3. New cloth rags are also the same way. The newer the rag, the harder it will be to shine the shoes. Rags with old polish on them will make it so the wax sticks easier to the leather. However, the older rags will also sometimes make it harder to finish your mirror shine as the old polish will essentially lightly scratch the mirror effect off the polish. This is a part of the shoe shining tips that you must learn first hand by practice. And onto trick 4 of how to prevent this.
4. When finishing your mirror shine, if you think you are done, most likely you will notice light ‘scratches’ on the surface of the shine and wonder how to get rid of those to achieve that perfect mirror finish. Well, what you do is take a brand new cloth and dab a very light bit of polish on it and use a dab of water to place on the shoe and in back and forth motions, rub as quickly as you can (to quite light friction) and thus get rid of those scratches (see the end of polishing video for visual guidance).
5. Never shine shoes without shoe trees in them. It’s like trying to blow up an air mattress with your mouth as opposed to the electric pump, i.e., it is time-wasting.




6. Hair dryers/heat guns will help to get rid of wrinkles and creases, but it will never be permanent. Don’t burn the leather by holding it too close, and always have a shoe tree inside your shoes when attempting this. Do not do this on tan shoes, though, unless you want to darken them significantly.
7. Tan shoes are the hardest to polish, 1. Because it is extremely difficult to keep them the same shade of tan; 2. Because it is very difficult to get any stains out of them. Once ruined, tan shoes are pretty much un-salvageable unless you dye them (preferably by giving them to a patina artist). This is simply the downfall of tan shoes.
8. Blue wax polish will give you a nicer and shinier shine than black polish on black leather dress shoes.
9. A mirror shine should only really be on the toe caps, heel counters, and sometimes the facing. Everywhere else should not have the glass-like effect but rather a nice blending look. The reason is that the rest of the shoe bends, and therefore, the polish will crack and leave an unpleasant look. The heels and caps have stiffeners underneath them to keep them from bending (in theory). This is one of the more important shoe shining tips. Over shining your shoes will create its own set of issues.

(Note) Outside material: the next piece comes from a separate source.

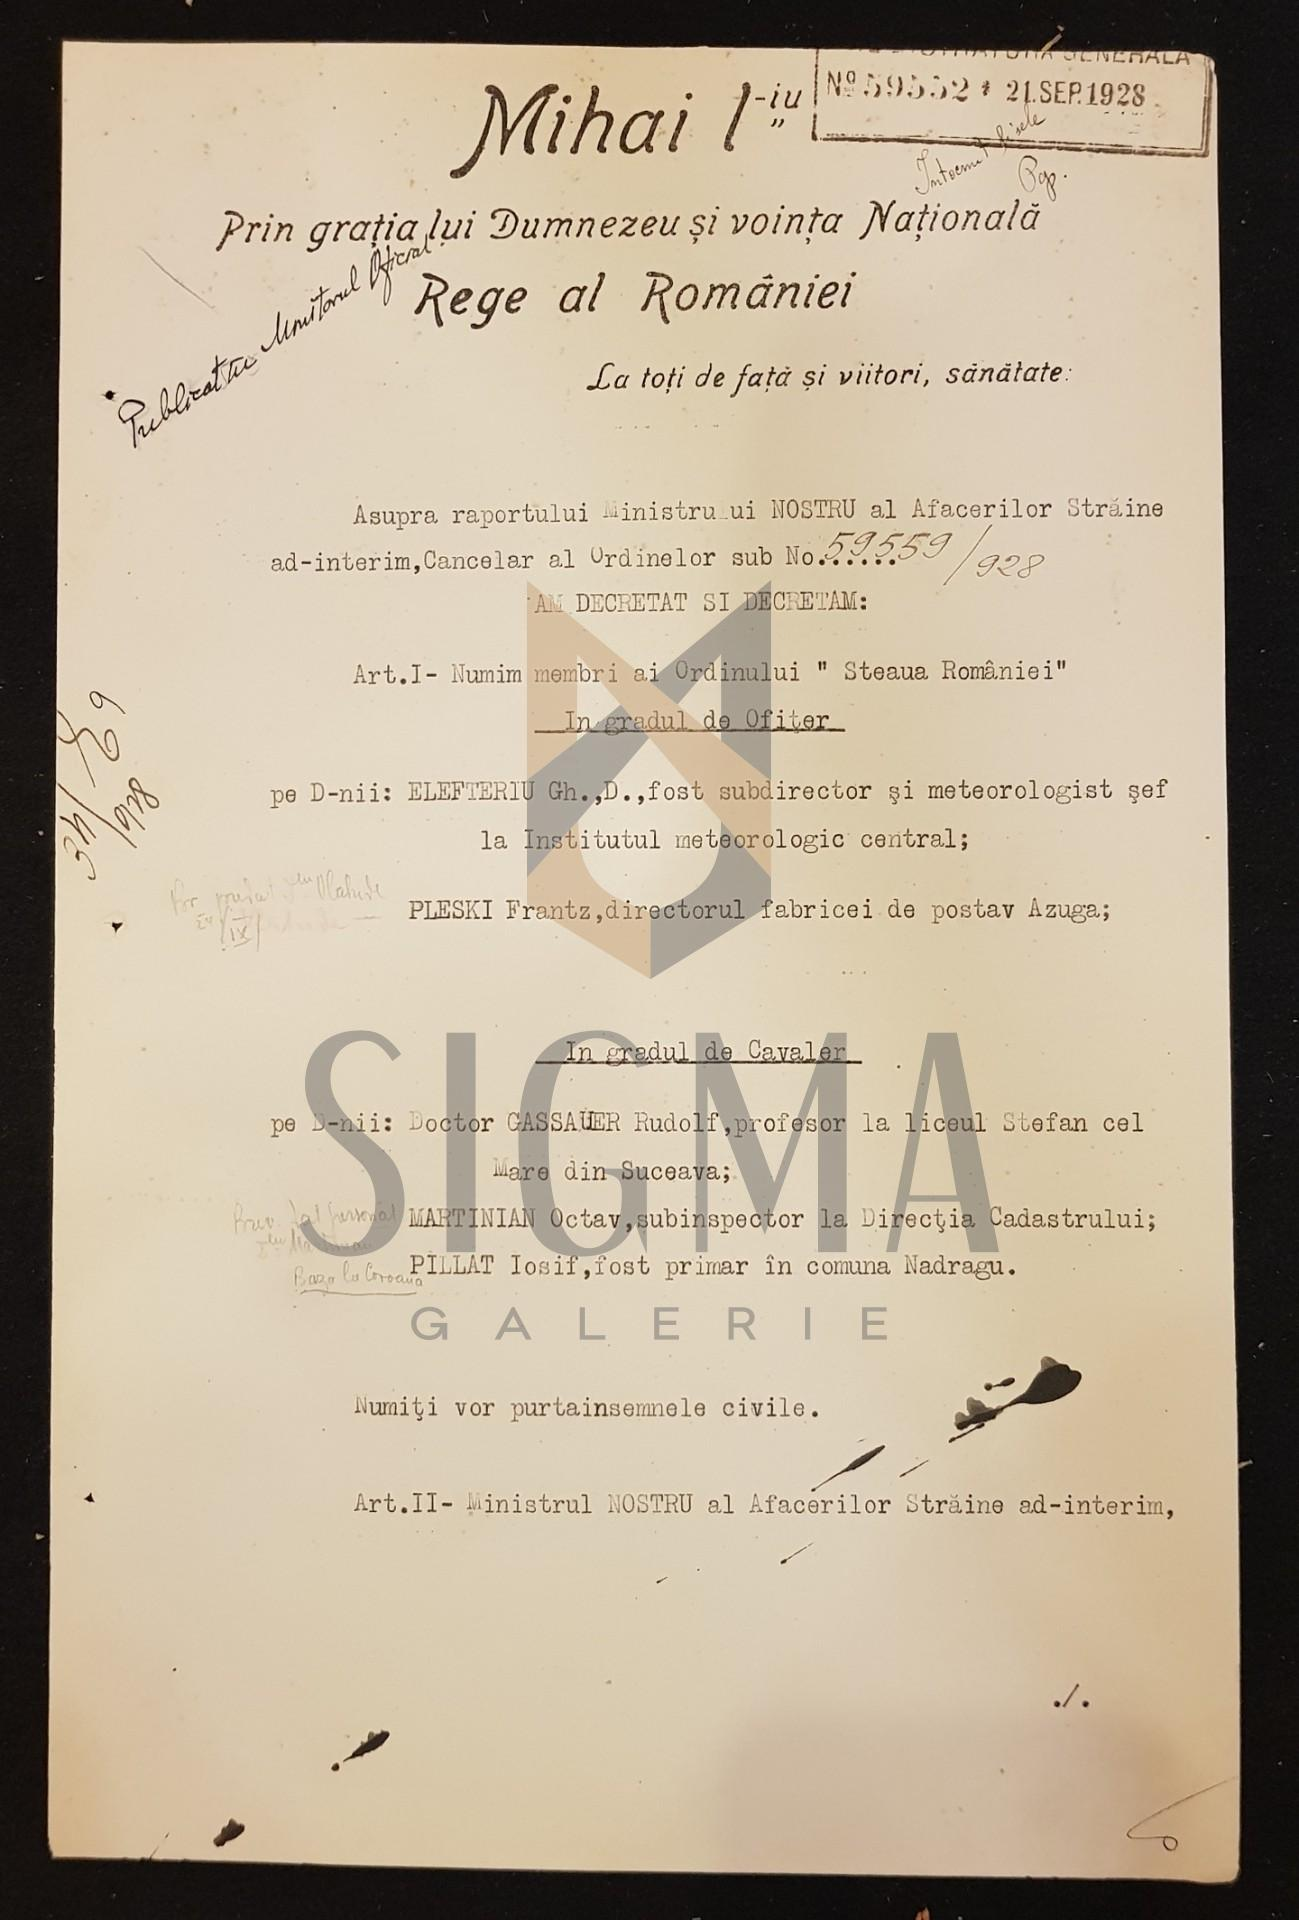 Brevet REGELE MIHAI I, MIRON CRISTEA, GHEORGHE BUZDUGAN, CONSTANTIN ARGETOIANU, DOCUMENT DE CANCELARIE, SEMNATURI ORIGINALE, CRIZA DINASTICA - REGENTA, 1928

10. I don’t wash my welt brushes as the more wax buildup, the better it will get into the pores of the leather when applying cream polish. But then I use 6 different welt brushes: 1 for black, 1 for tan, 1 for mid brown, 1 for dark brown, 1 for burgundy, and 1 for various other colors.


11. Nylon, women’s tights, pantyhoes, etc will help clean your shoes, leave a small shine, and get off any light scuffs that could be on the leather.

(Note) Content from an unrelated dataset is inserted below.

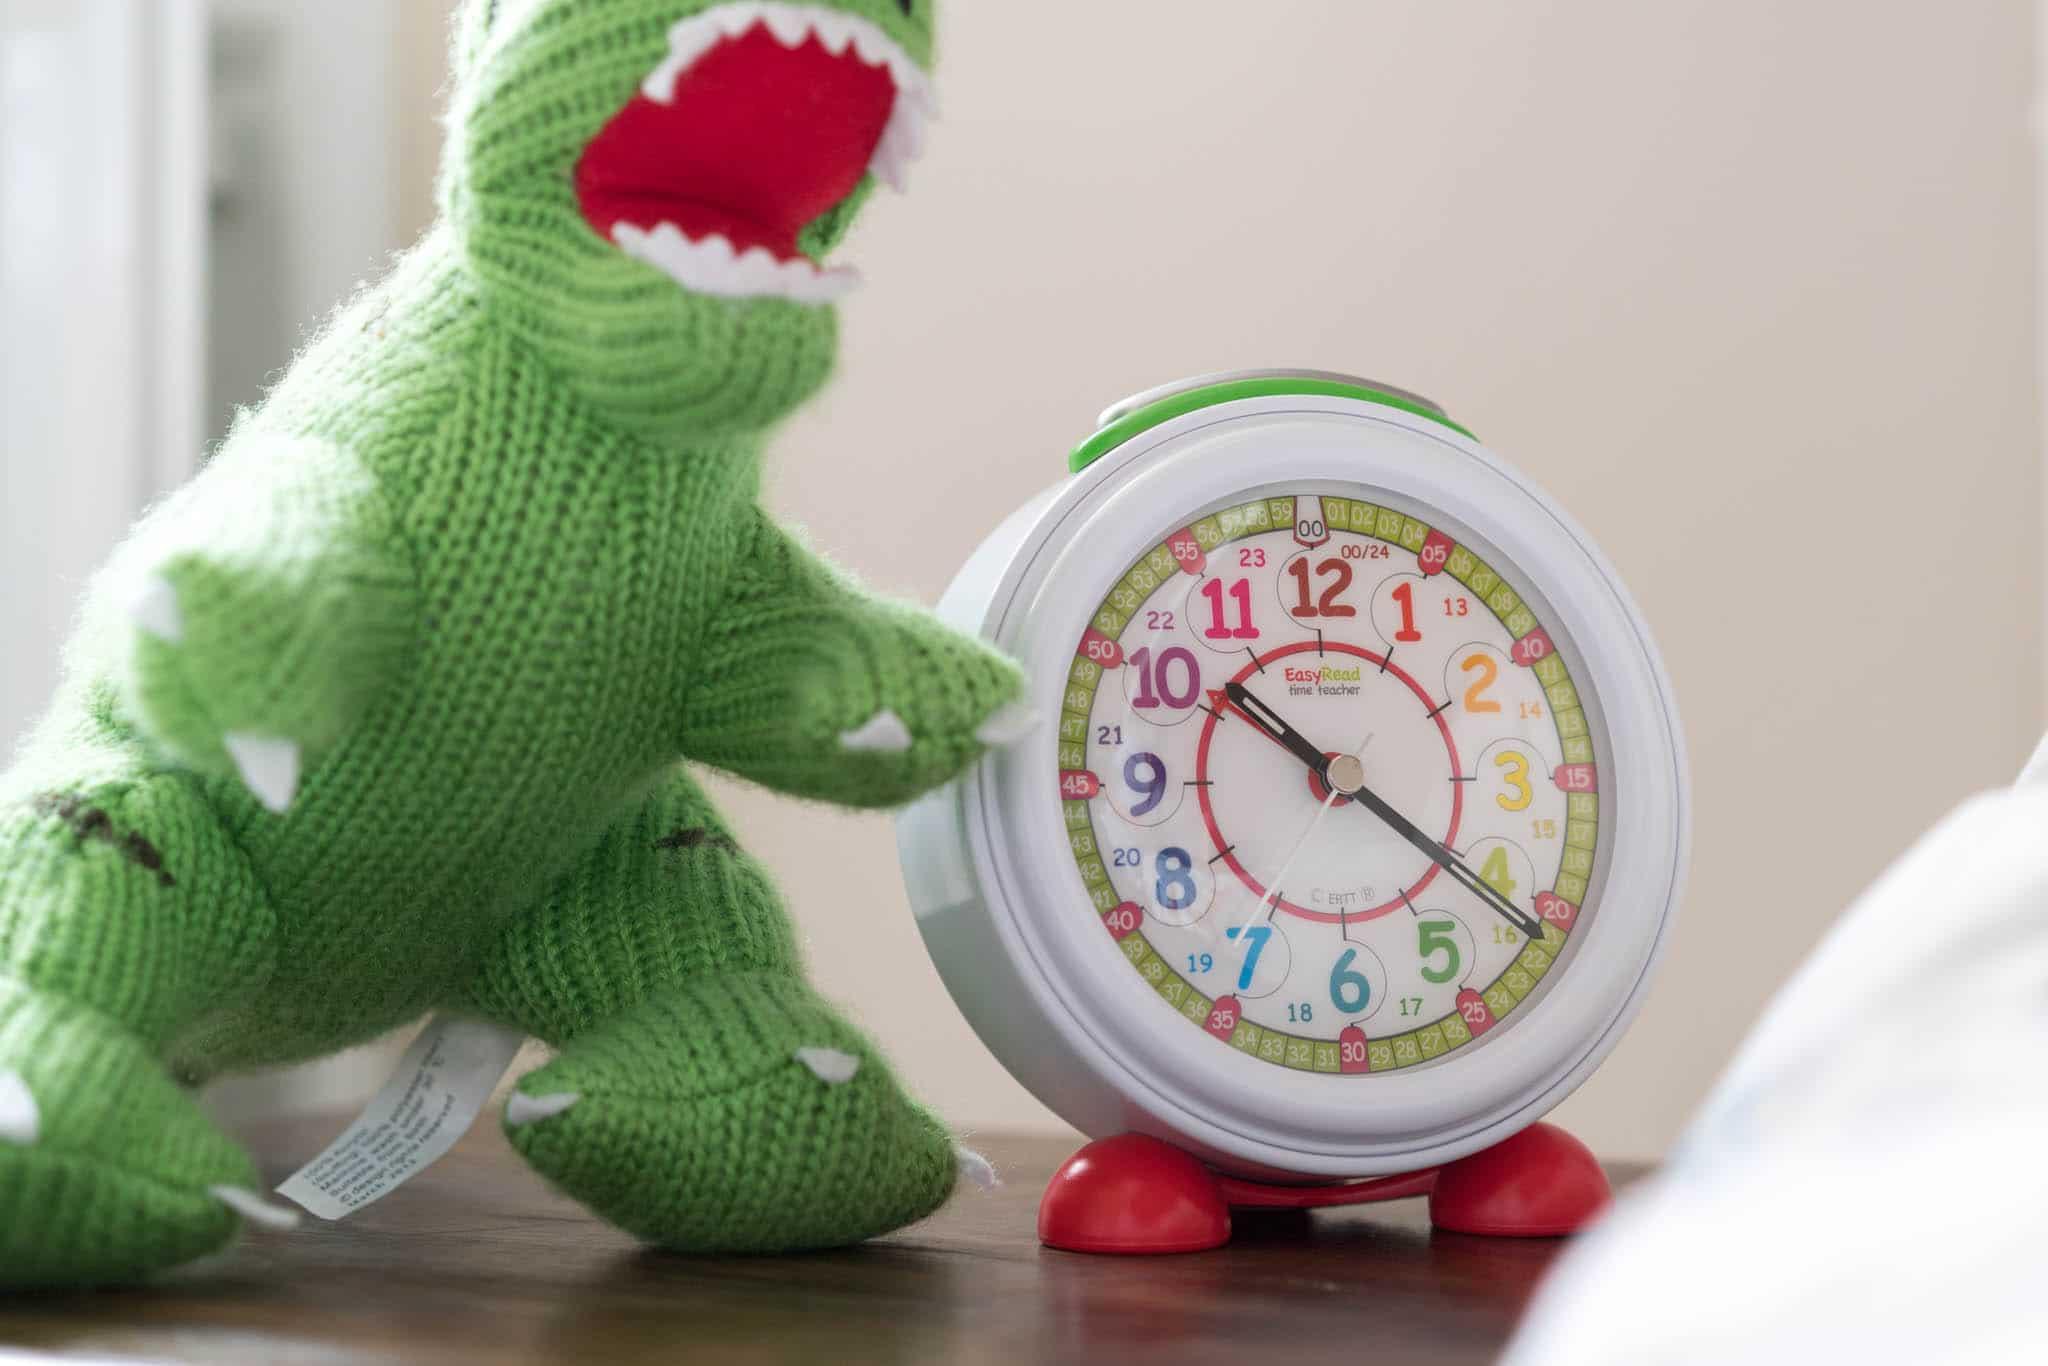 Alarm Clock Rainbow Face 24 Hour Easyread Time Teacher

12. Once the surface of the leather has been compromised (such as a cut or leather coming off), it cannot be undone or repaired by wax/cream. It can be filled in with special products and shined over, but that is not necessarily permanent. I do not suggest attempting this yourself.
13. A quick shine will never be a real mirror shine. It will be shiny, no doubt, but won’t last very long. A real mirror takes time, a lot of it. The pores have to be completely filled in order to make a flat surface. That flat surface is what essentially is the ‘glass’ effect. No quick shine can do that. Never trust anything that claims to do a mirror or glass shine in anything less than an hour.
14. There is a fine balance between wax ‘n’ water applications. It cannot be explained but only learned by doing. Always start with a little and work your way up. Too much of anything is never good.
15. The more porous the leather, the longer and harder it will be/take to shine. The less porous, the easier.
16. Shoe shining should be therapeutic. If it is not, then you are not doing it right. Relax, don’t think too much, and see that a little goes a long way.
The products I have used to create the mirror shines shown here are Saphir’s Pate De Lux and their renovateur to prep the leather to accept the wax polish easier. See them below and click the links to go directly to them.
I hope that you have enjoyed my shoe shining tips & tricks list. Use it wisely, and let’s see those mirror shines!